Turnover, which was about £300,000 ahead of the debt-funded acquisition, has now passed £1 million, and Ms Rae says that in September when loans are repaid, profits will fund new ranges, and stock.

This will include a female collection, which has been designed, but won’t fully launch until autumn.

When asked what the target is for the business, it is telling that Ms Rae does not interpret this as a question about numbers, instead explaining her vision of launching a collection to be sold internationally under the Stewart Christie label.

Ms Rae previously ran the Dr Jives and Odd One Our streetwear retailers, which had shops in Glasgow and Edinburgh. But she said the concept “almost died overnight” with the advent of ecommerce. “We were exclusive and then our customers could get anything on eBay,” she says.

After realising the shops could not rely on sales of her own Oddments brand, Ms Rae returned to her first love, which was in design and pattern cutting.

She became head ladies designer at Walker Slater for six years before the chance to acquire Stewart Christie came along.

The work she had undertaken in helping to modernise Walker Slater held Ms Rae in good stead when it came to the task at Stewart Christie. The programme was carried out with great sensitivity, maintaining links to its past while creating a brand fit for the 21st century shopper.

The business has three brackets of tailoring for gentlemen. There is the off-the-peg three-piece suit range, which cost around £500 to £650. Then there is made-to-measure, with the customer choosing the lining, buttons and fabric; these cost around £950 and are made in the UK within five weeks. At the top end, there is the bespoke service, where each suit is hand-stitched to what Ms Rae calls “Savile Row standards, but not prices.” Those prices are £1,500, but round half what could be paid in London.

Most bespoke customers come from the US, Switzerland, Germany and London. The business also makes a lot of ceremonial wear, from judges’ gowns to uniforms for The Royal Company of Archers, the Sovereign’s bodyguards in Scotland.

“It’s definitely a bespoke business and we are celebrating those aspects to make it an experience,” says Mr Rae.

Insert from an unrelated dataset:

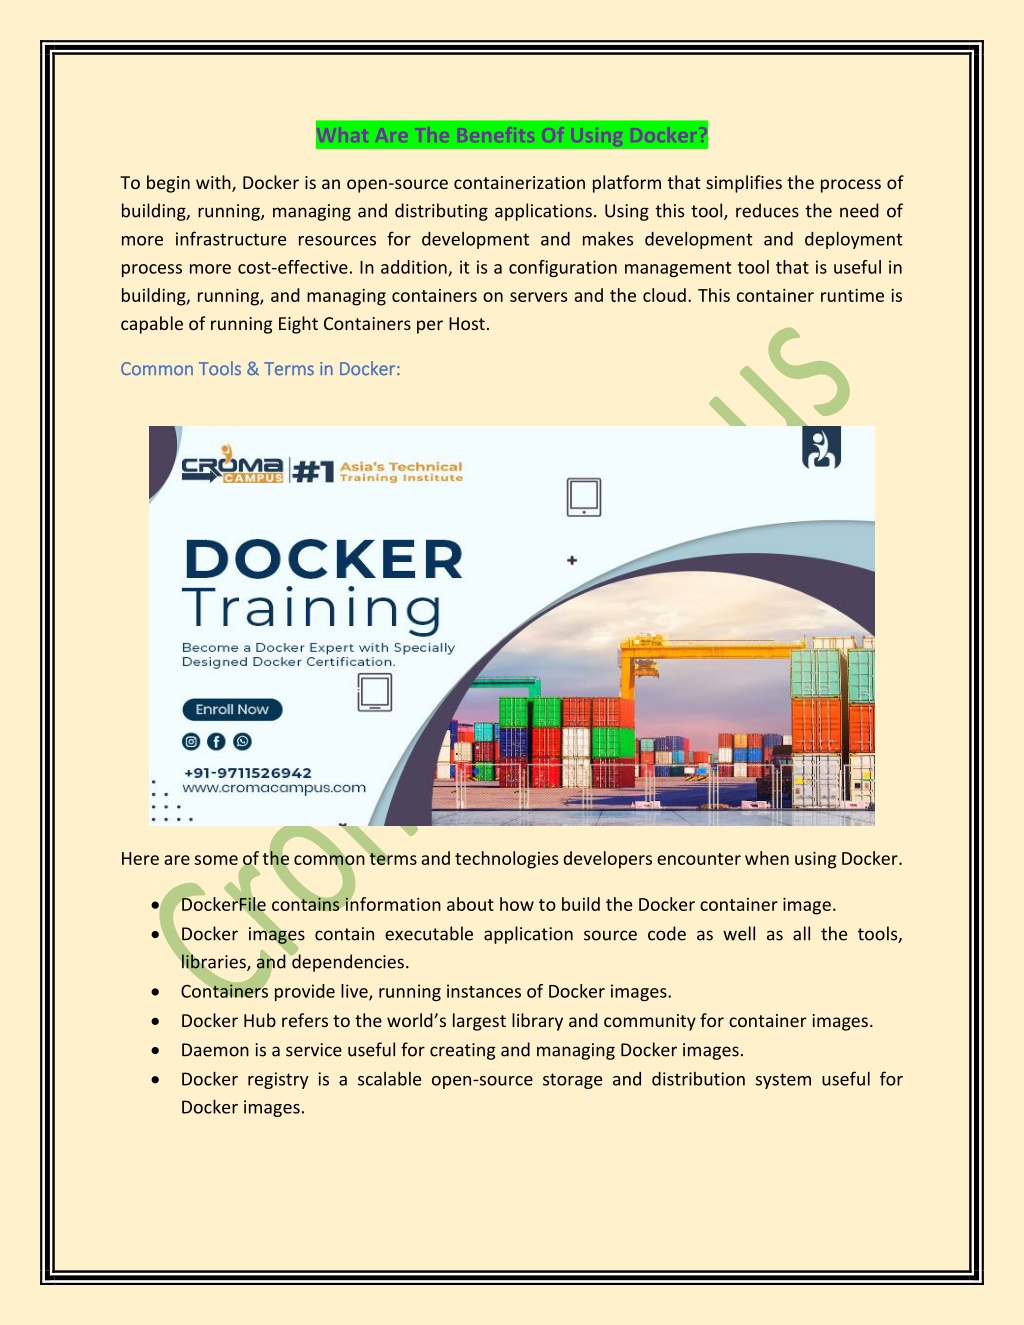 docker presentation ppt 2021 download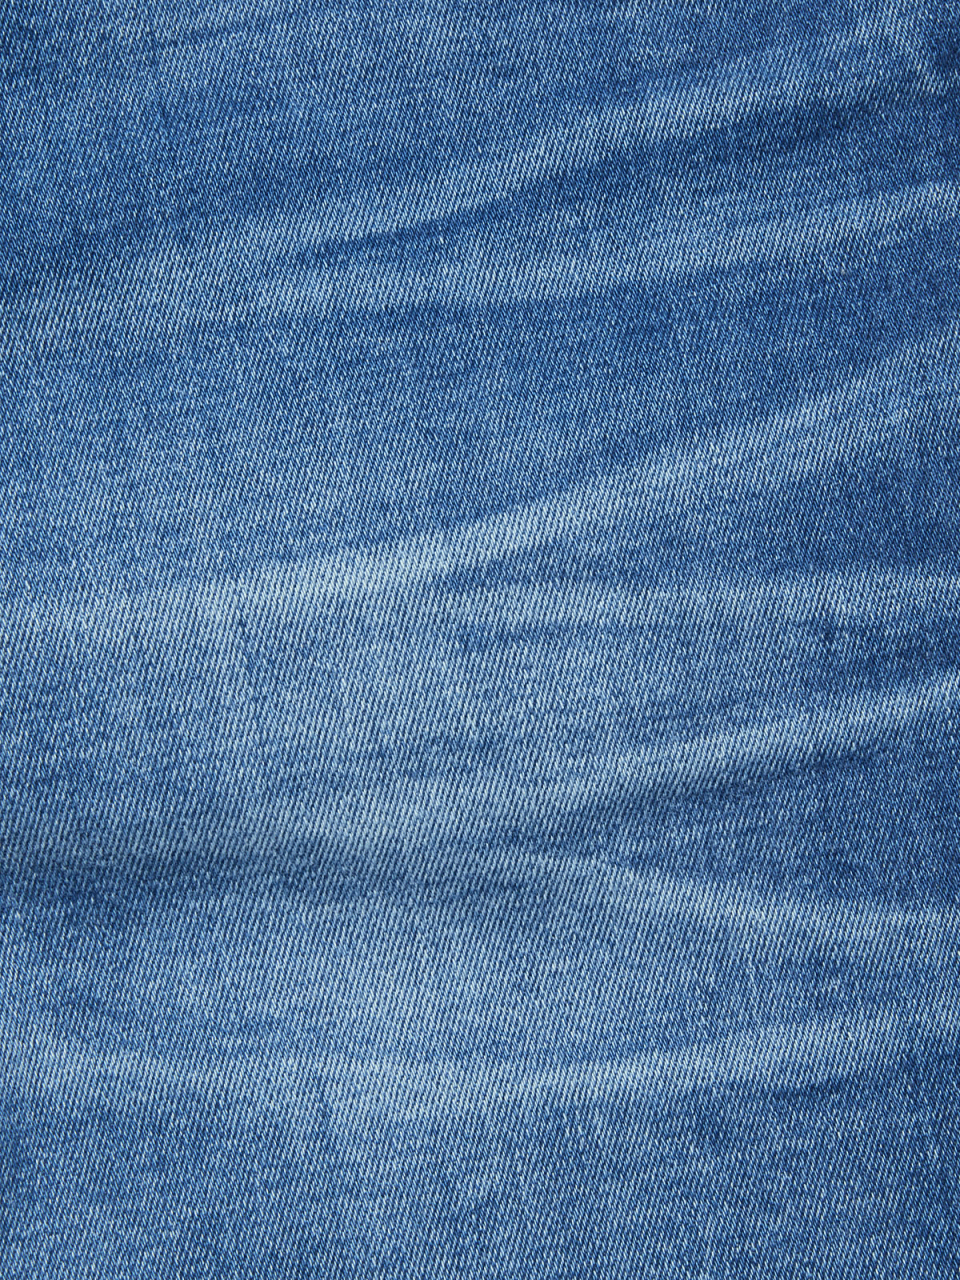 BLUE DE GENES Repi 3395 Medio Jeans

The business prides itself on being generation led, not seasons led, which means it will create designs for young professionals through to their grandparents, who may have shopped there for decades.

Ms Rae says she doesn’t feel any additional burden given she is running a near 300-year-old business.

“I don’t feel like an owner, I feel like a custodian,” she says. “Everything makes sense to me. I know the direction we want to go in, what needs to happen. I want to take it to the next generation. I know that our customers are elderly but we are bringing in the next generation; the sons, the grandfathers. It’s been a tradition for them and we love them to come in.”

The shop itself has undergone significant, yet subtle changes since the new owners took over. Veneer shelving has been replaced with mahogany, old cabinets have been repurposed. Ms Rae tells the story of an elderly man who came in after the refurbishment and asked if they were going to do the shop up, which gave her a sense of satisfaction that her goal for the feel of the shop had been attained.

This look and feel is befitting the traditional methods employed by the business in its manufacturing – all bespoke items are made on site, and everything else is made by partners in the UK.

Maintaining traditional methods of tailoring is an issue close to Ms Rae. To that end, the company is working with local colleges to create an SVQ in tailoring.

“People come out of college as designers but not on the technical side,” she says. “There is not a tailoring qualification.”

Last year the company worked with students to create outfits to represent some of Scotland’s greatest cultural icons of the past 700 years for a Visit Scotland event to celebrate the strength and depth of the country’s creative and textile sector.

And Ms Rae is keen to do more to keep traditions alive. “I’d love to set up a tailoring school in the future. We’re losing so much craft and skills and it would be great to get young people back into it.”

With a custodian as passionate as Ms Rae in place, it would seem Stewart Christie is set to thrive into a fourth century.